Brexit: What will change on 1 January?


The end of 2020 marks the end of the transition phase to Brexit and heralds a new age in the relationship between the UK and the European Union.

We look at some important questions about how aspects of life can change from January 1 for the average British citizen:

– Am I going to need a visa for an EU holiday?

The right to free travel between the UK and the EU will end at the end of the transition period.

It will be possible for British people to holiday or take a business trip to EU countries, but it won’t be as convenient as it was before.

Tourists may not need a visa for short trips to most EU nations, as well as to Iceland, Liechtenstein, Switzerland and Norway, and can stay for up to 90 days over a period of 180 days.

Bulgaria, Croatia, Cyprus and Romania are subject to different rules: visits to other EU countries do not take 90 days.

For an extended stay in an EU country for work, study, or business travel, a visa or permit may be necessary.
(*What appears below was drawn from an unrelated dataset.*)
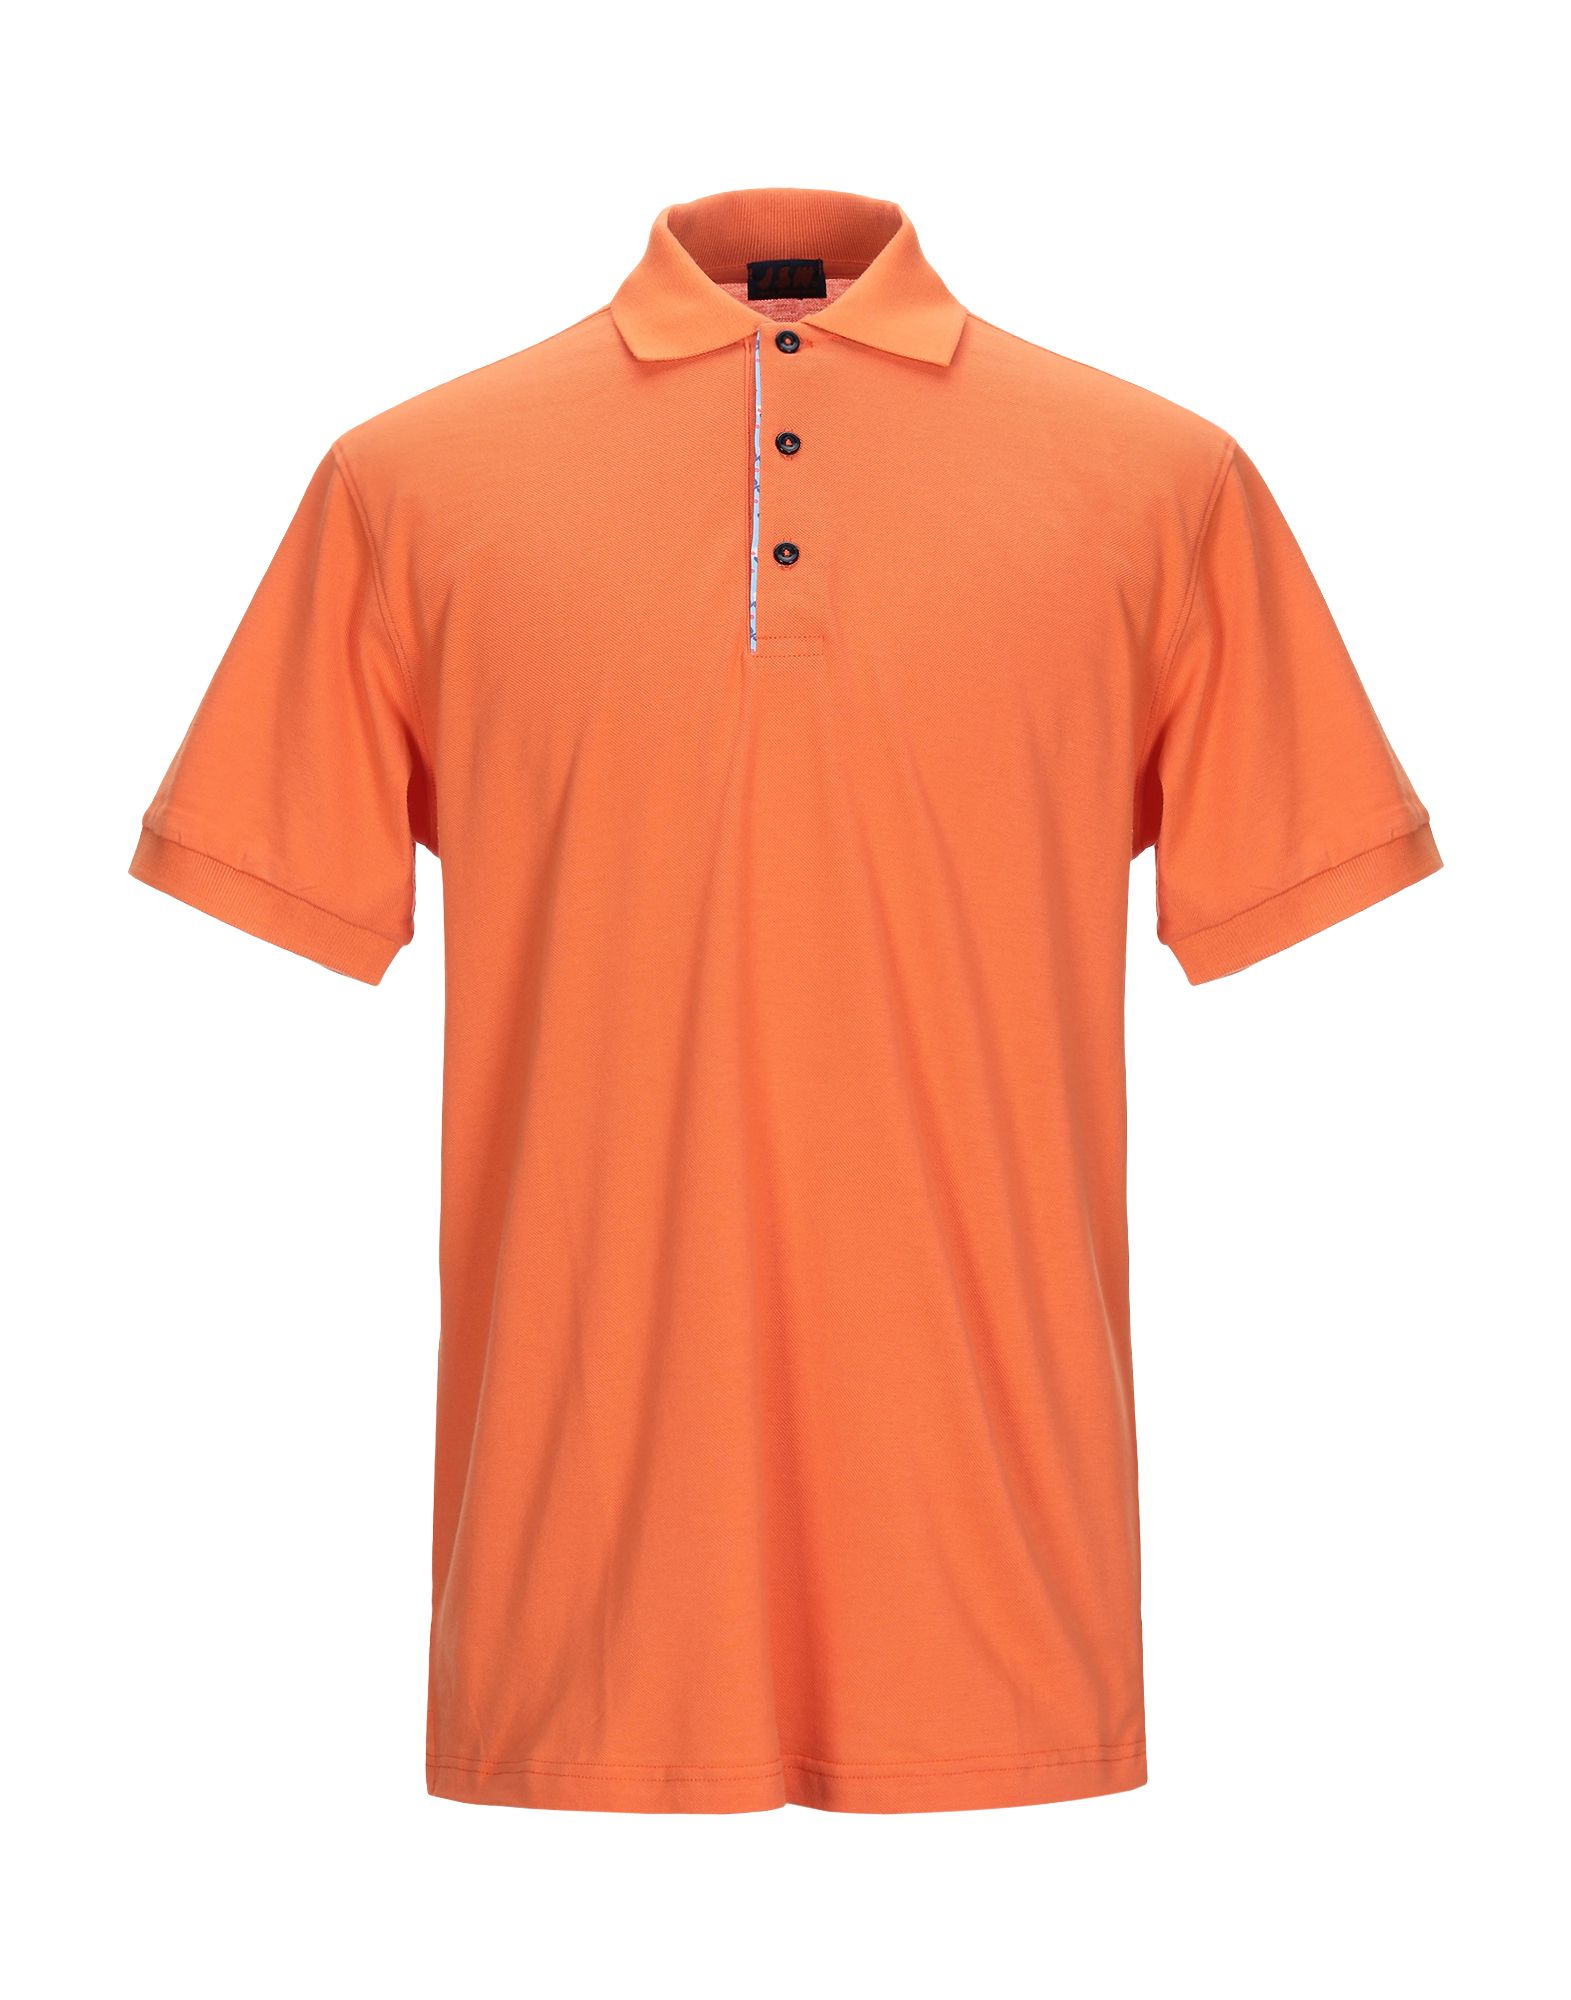 JSW® JEANS STORES WIDE Polo shirts. piqué, no appliqués, basic solid color, polo collar, short sleeves, front closure, button closing, no pockets. 100% Cotton
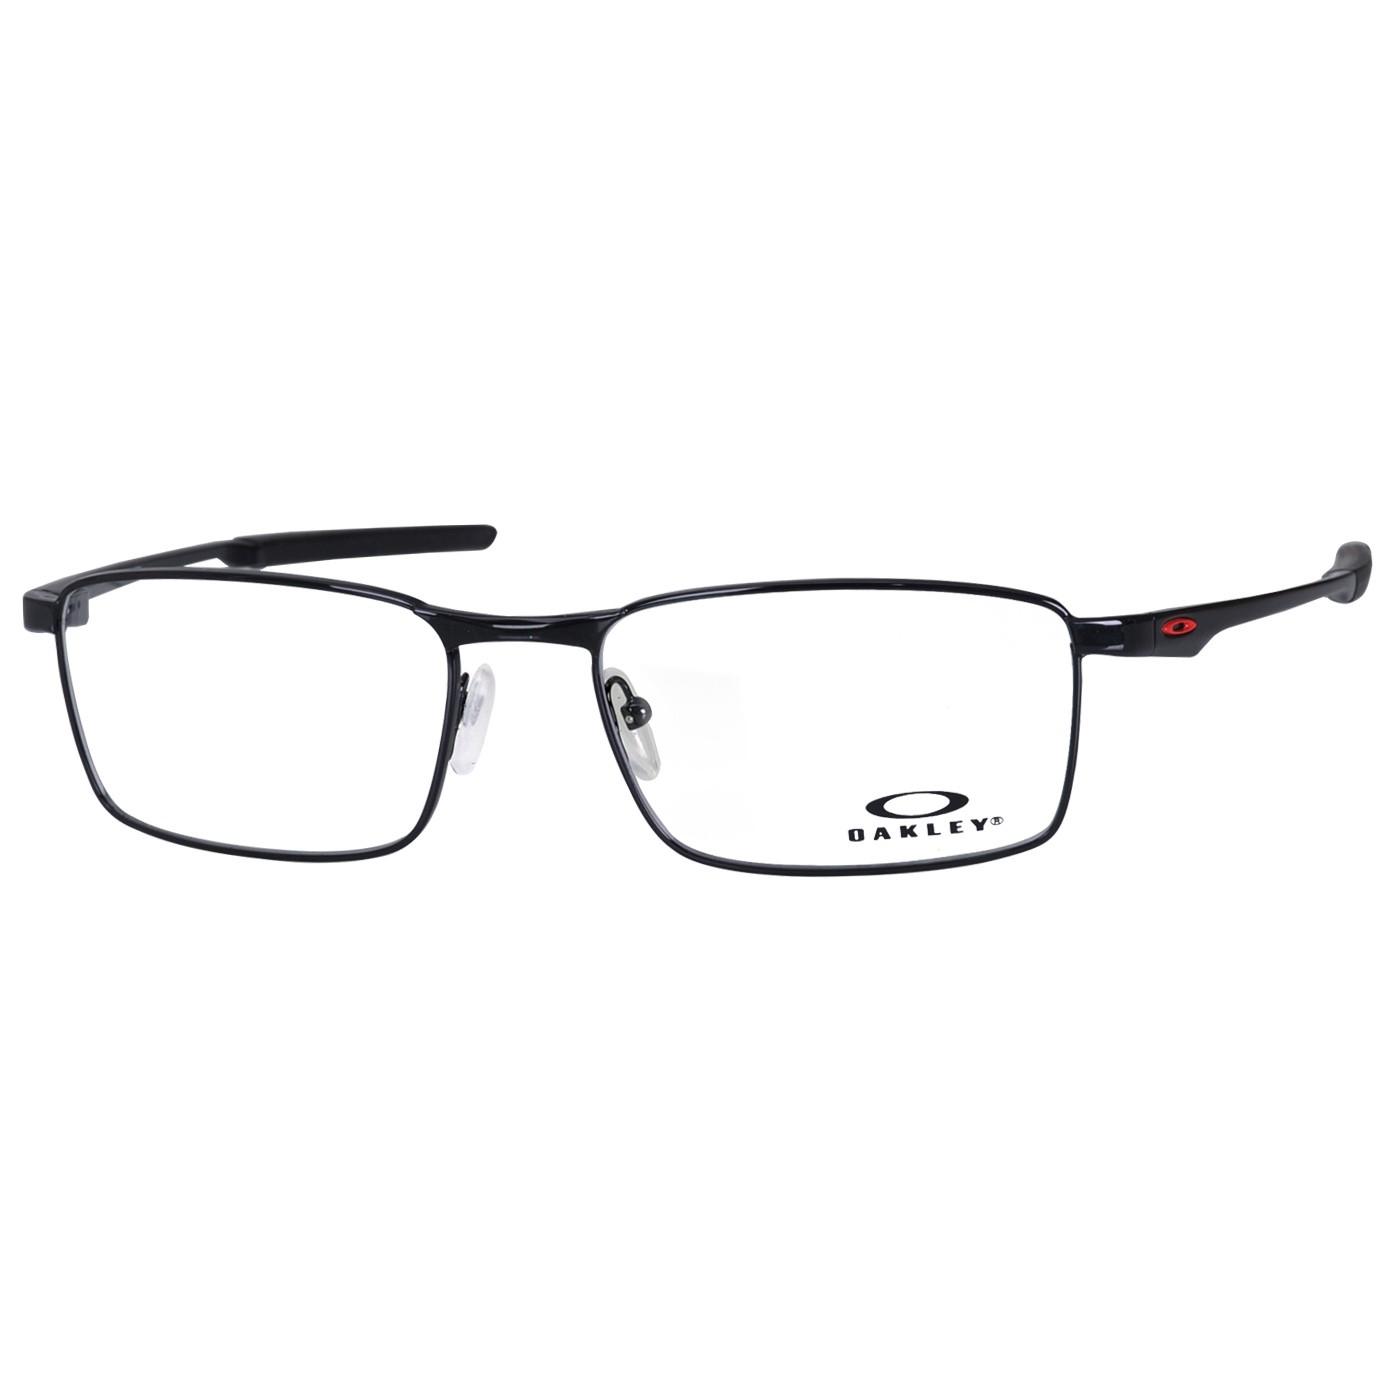 Armação de Óculos de Grau Oakley Fuller OX3227 Metal Preto Brilho

There are no modifications for travel to Ireland.

It should be noted that it is likely that the current pandemic of coronavirus will continue to impact travel rules into 2021.

– Am I needed to renew my passport?

You will need to renew your passport from 1 January onwards to enter most countries in Europe if it is less than six months old or if it is more than 10 years old.

The renewal process costs between £ 75,50 and £ 85, and a new post-Brexit blue template is now issued for passports.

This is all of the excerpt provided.